> Work to complete:
Repeat precisely the span of lines below that opens with the line containing "Valueerror setting an" and closes with the line containing "The flower arrangements", both included.

> Source data:
------------------------
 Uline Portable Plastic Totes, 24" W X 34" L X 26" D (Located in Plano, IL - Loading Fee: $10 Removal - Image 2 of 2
------------------------
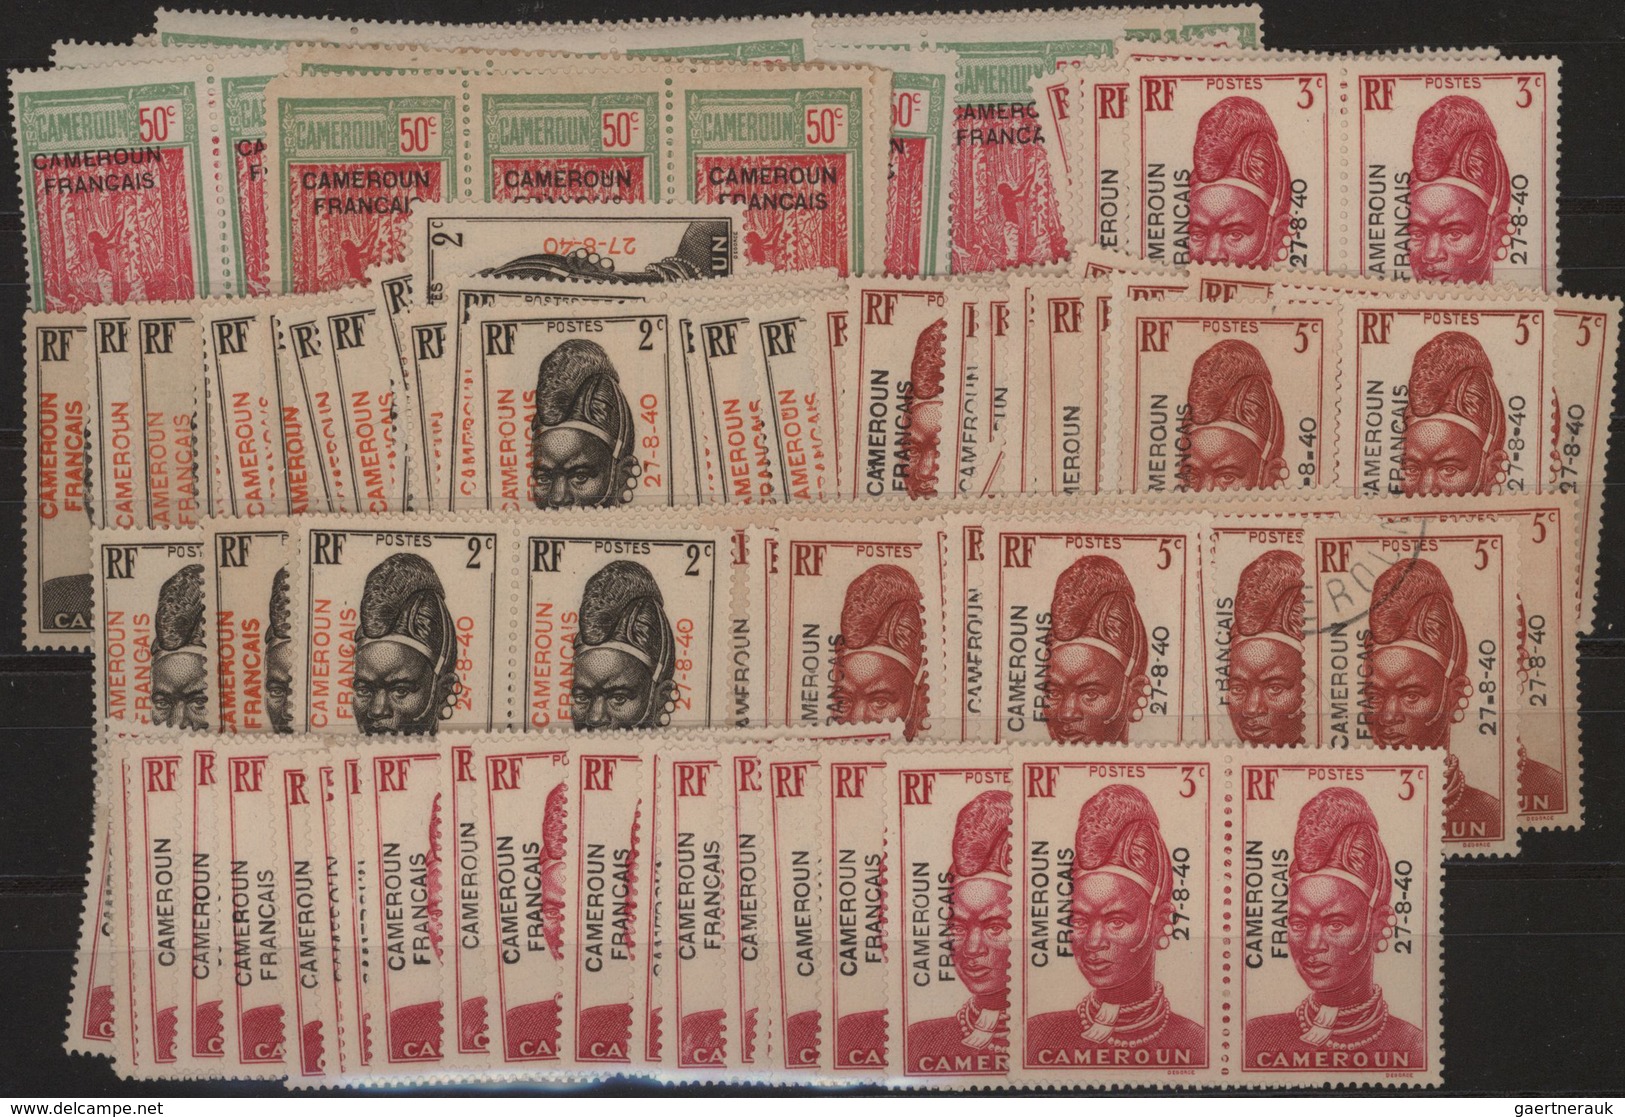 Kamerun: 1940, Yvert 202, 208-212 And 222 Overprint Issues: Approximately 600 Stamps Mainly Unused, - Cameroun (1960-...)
------------------------
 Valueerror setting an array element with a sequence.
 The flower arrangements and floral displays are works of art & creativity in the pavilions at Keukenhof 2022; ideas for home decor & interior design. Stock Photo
------------------------
> Written response:
 Valueerror setting an array element with a sequence.
 The flower arrangements and floral displays are works of art & creativity in the pavilions at Keukenhof 2022; ideas for home decor & interior design. Stock Photo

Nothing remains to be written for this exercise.